Re-announced today as price sensitive, the company’s Phase 1b clinical study of PTX-200 and cytarabine will expand the cohort at 45 milligrams of PTX-200, following another complete remission and no dose limiting toxicities at this dose level.
Three patients have been treated at 45 milligrams PTX-200 together with cytarabine, with no dose limiting toxicities reported.

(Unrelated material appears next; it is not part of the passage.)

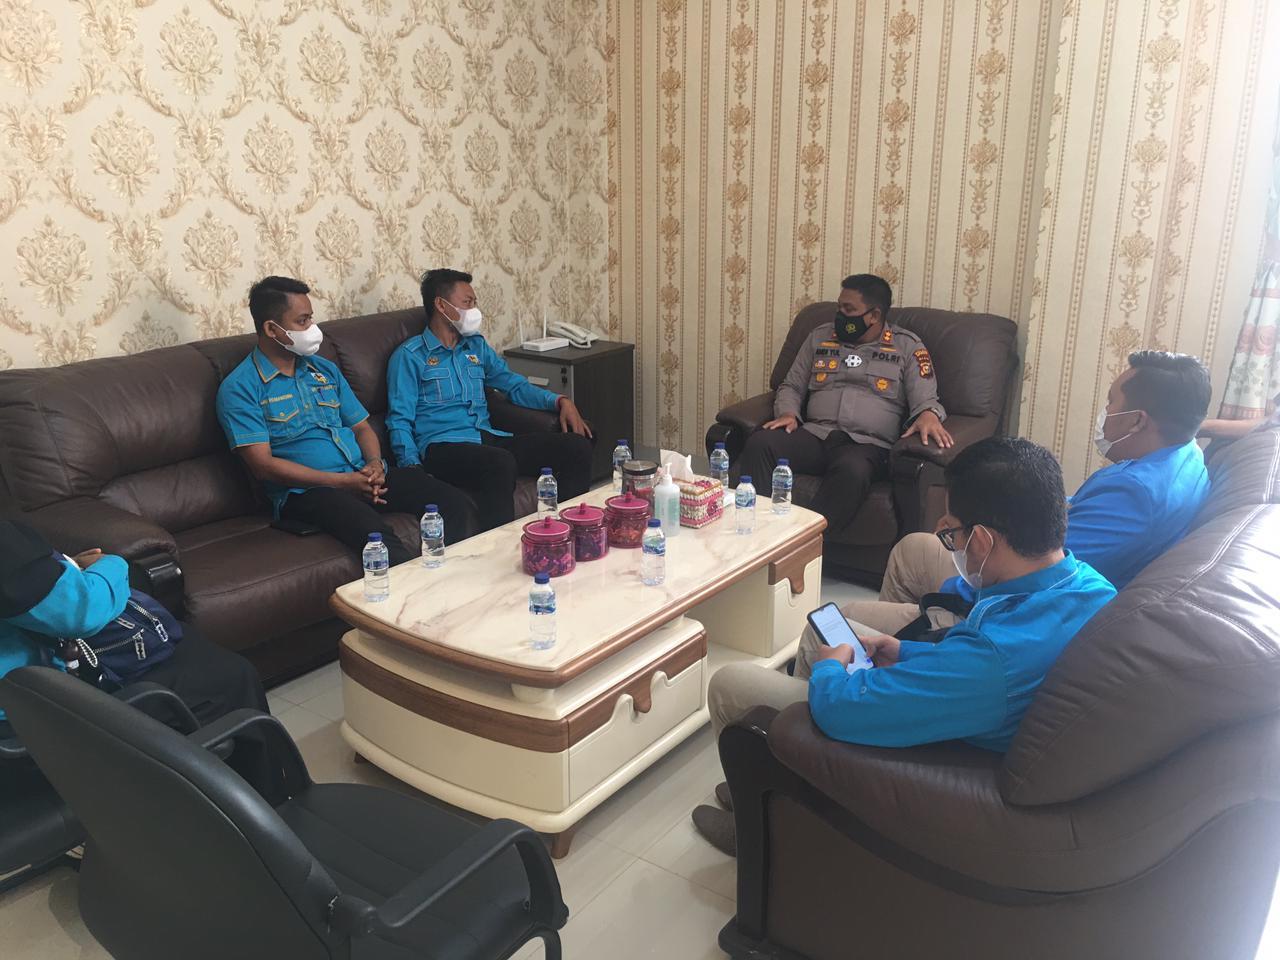 Foto Kapolres Kepulauan Meranti, AKBP Andi Yul LTG SH SIK MH, saat menerima kunjungan silaturahmi DPD Komite Nasional Pemuda Indonesia (KNPI) di Mapolres Meranti.

One patient in the cohort achieved a CRi, meaning complete remission of disease, with neutrophils and platelets yet to recover to normal levels. This latest patient brings the total of complete remissions in this study to four, while one patient in the prior cohort was determined to have a partial response.
“It is very satisfying to see another patient with remission in a disease that is so aggressive and fatal,” Prescient CEO and Managing Director Steven Yatomi-Clarke said.
“Despite recent advancements, AML remains a disease of unmet medical need, and we look forward to advancing this study with the aim of benefiting more AML patients.”
This latest data, together with data from the previous Phase 1 monotherapy study, guided the research team to expand enrolment at this dose level to another three patients, to further explore safety and efficacy at this dose level.
Prescient Therapeutics climbed 28 per cent, trading at 16 cents at market close.